Task statement:
Could you transcribe all of the data exactly and skip any pictures?

··· Records shown ···

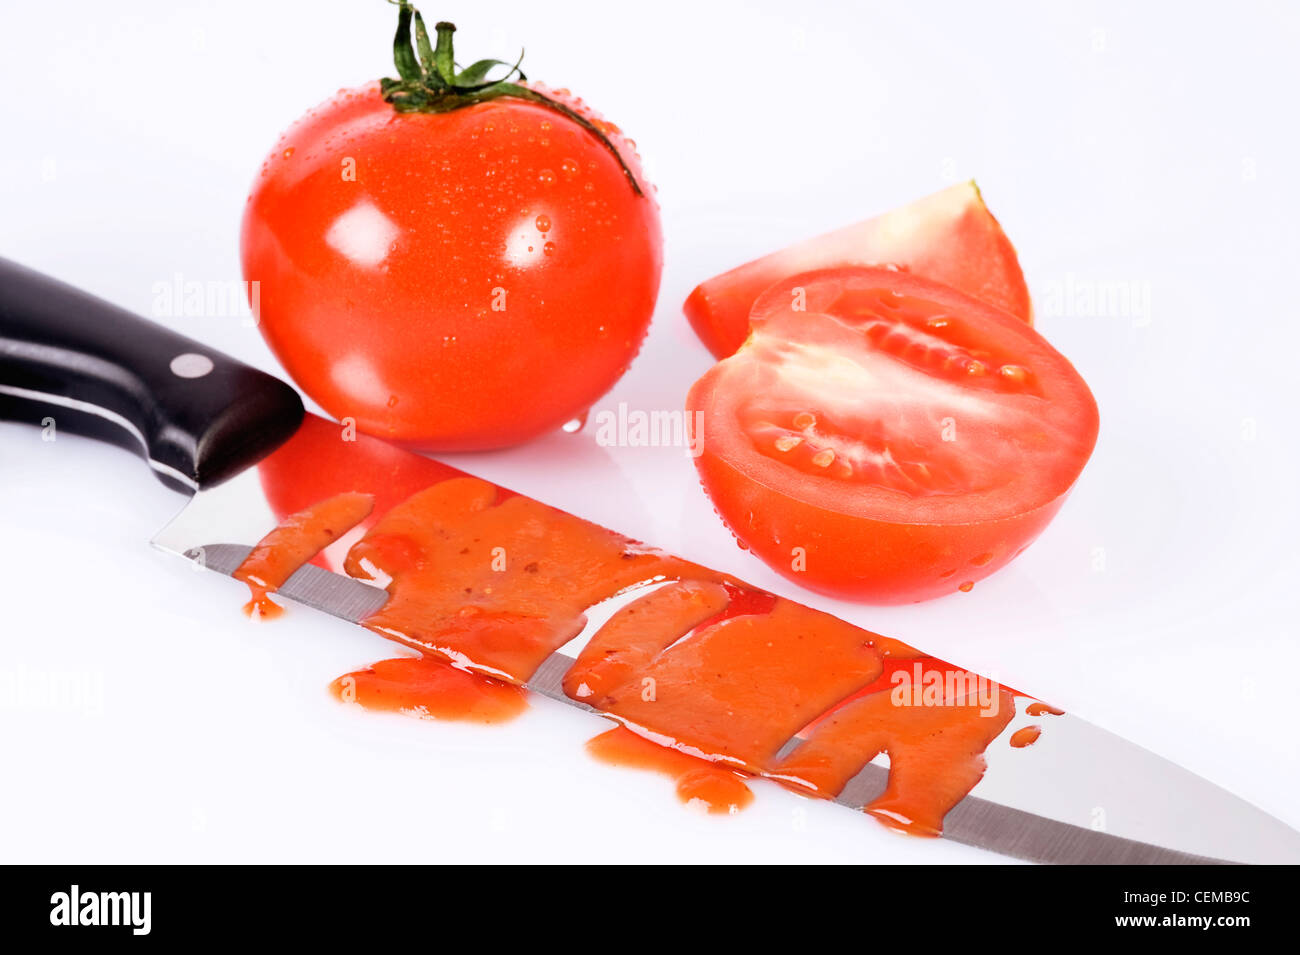 tomatoes and knife stained with ketchup over white Stock Photo
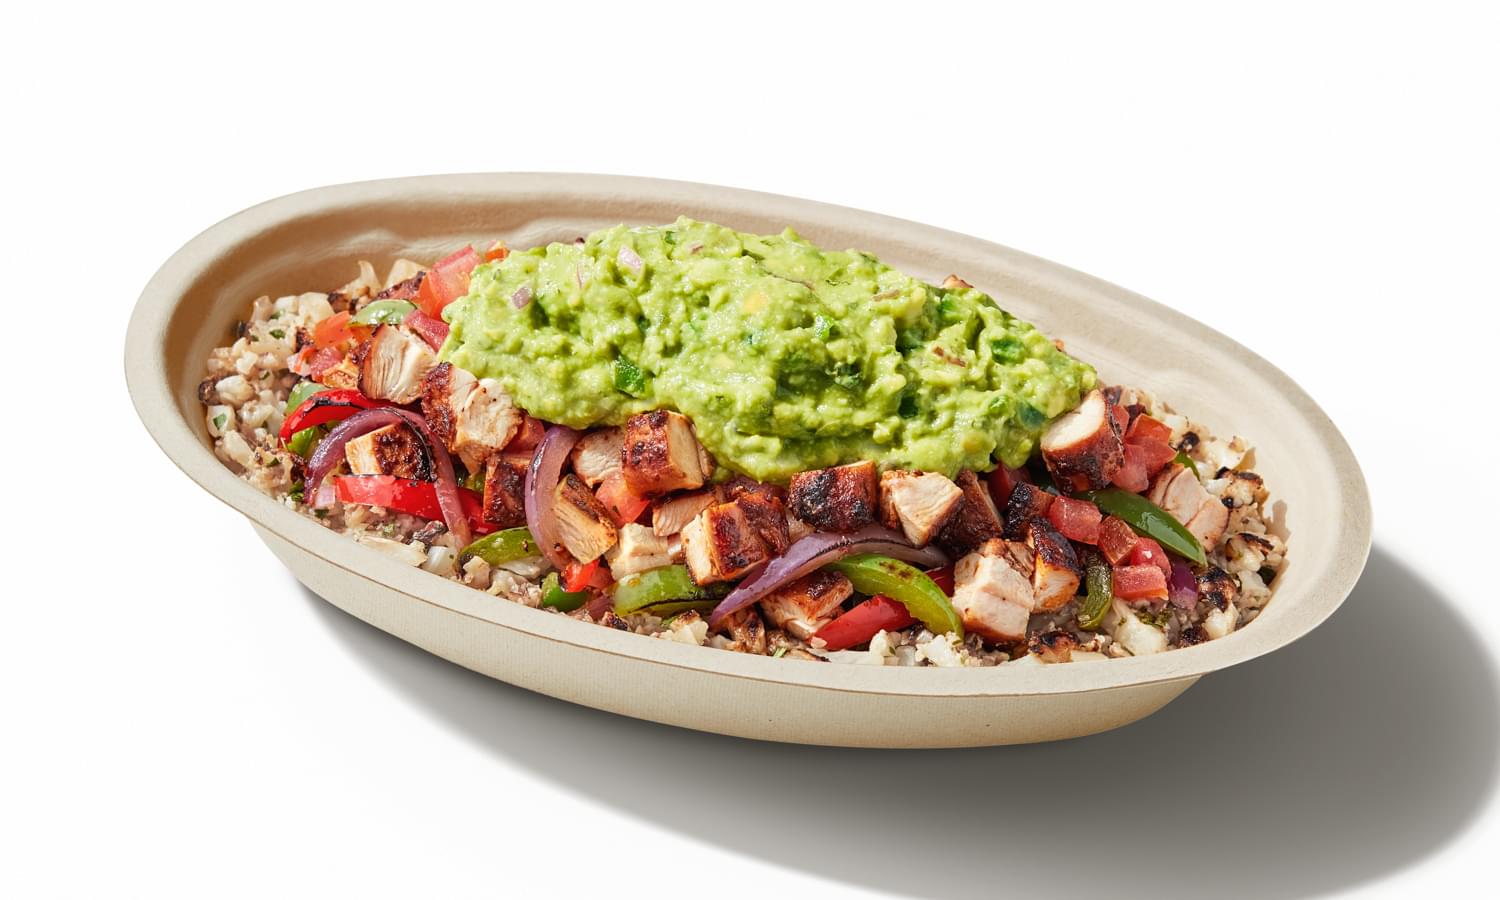 Chipotle Whole30 Bowl Nutrition Facts
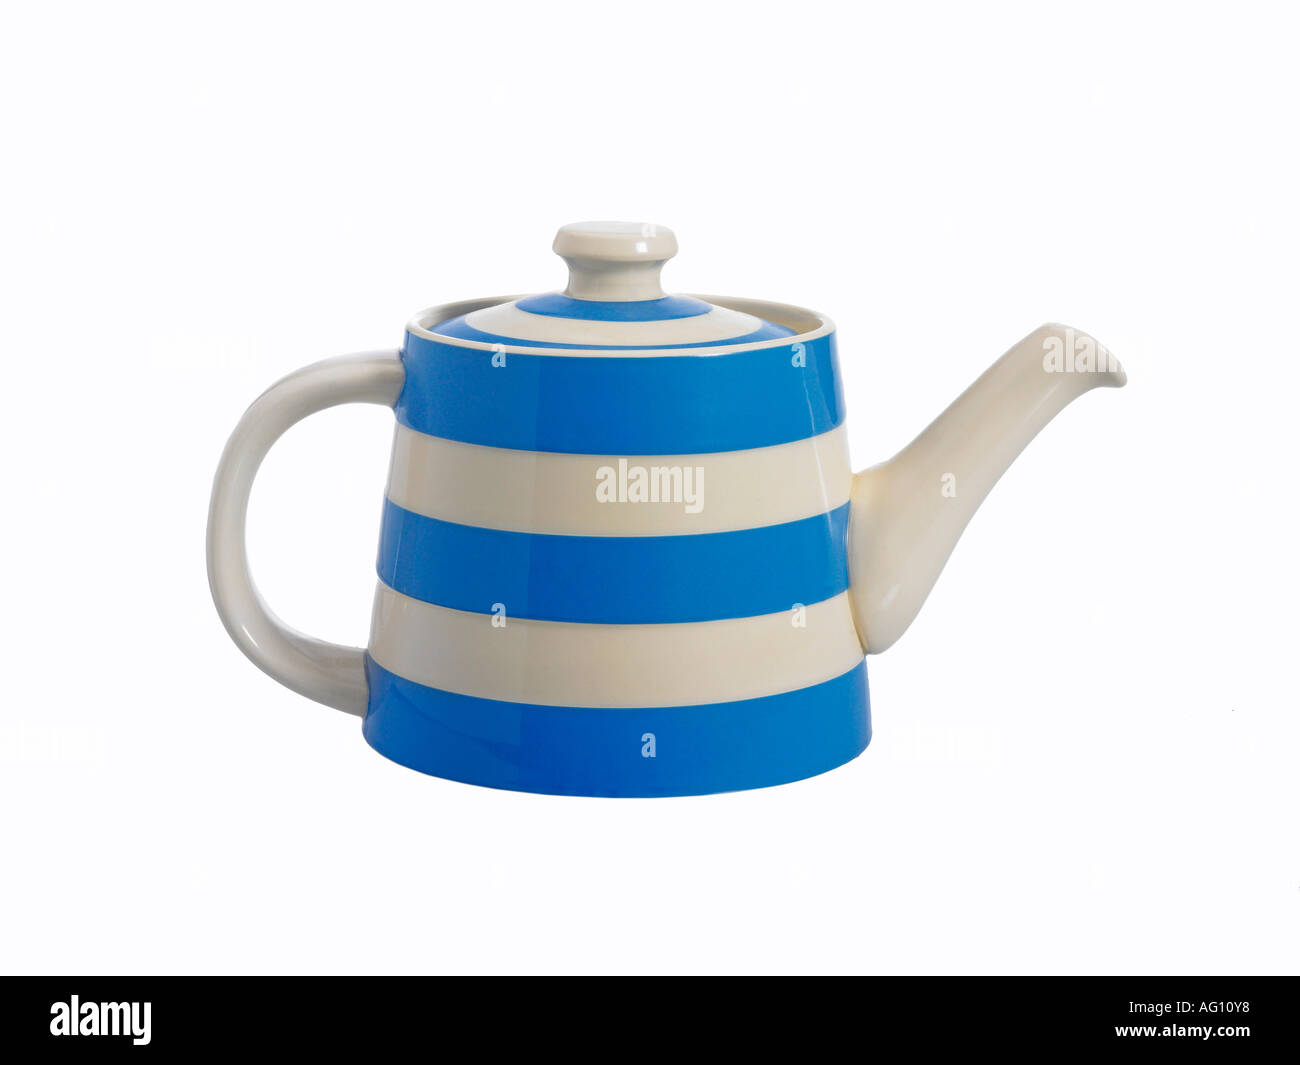 country classic blue and white kitchen ware teapot Stock Photo
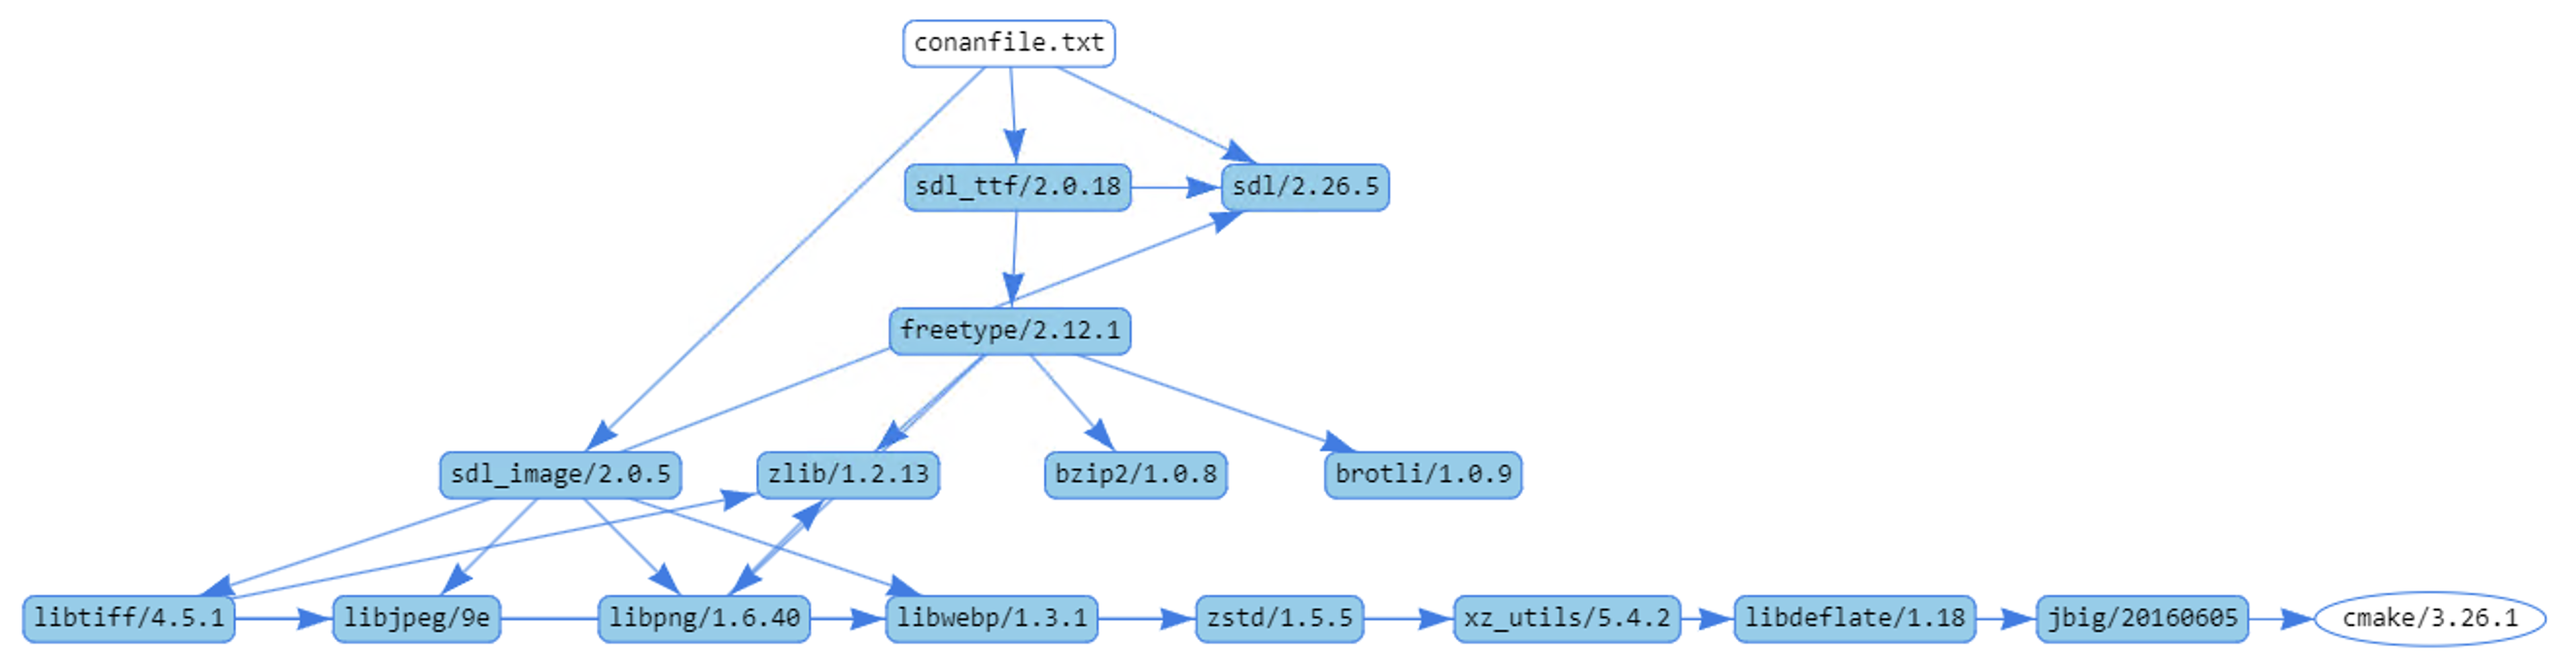 conan graph info HTML formatted view of the SDL2 dependencies
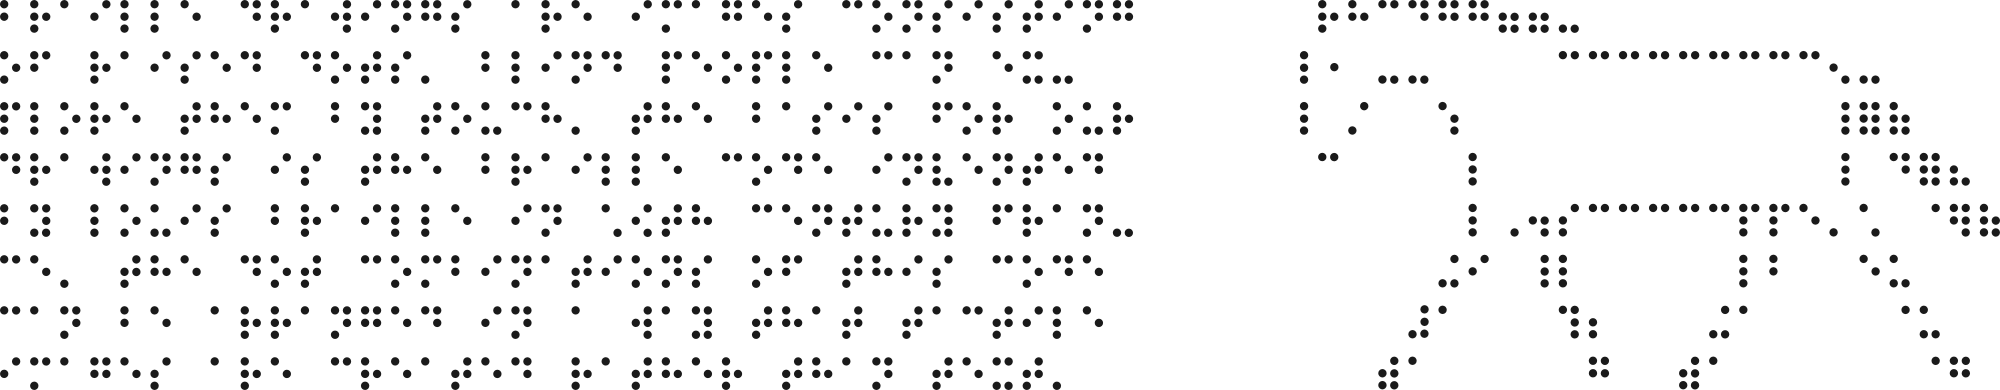 Text with braille letters and the braille drawing of a horse

···

Solution to the exercise:
 tomatoes and knife stained with ketchup over white Stock Photo
 Chipotle Whole30 Bowl Nutrition Facts
 country classic blue and white kitchen ware teapot Stock Photo
 conan graph info HTML formatted view of the SDL2 dependencies
 Text with braille letters and the braille drawing of a horse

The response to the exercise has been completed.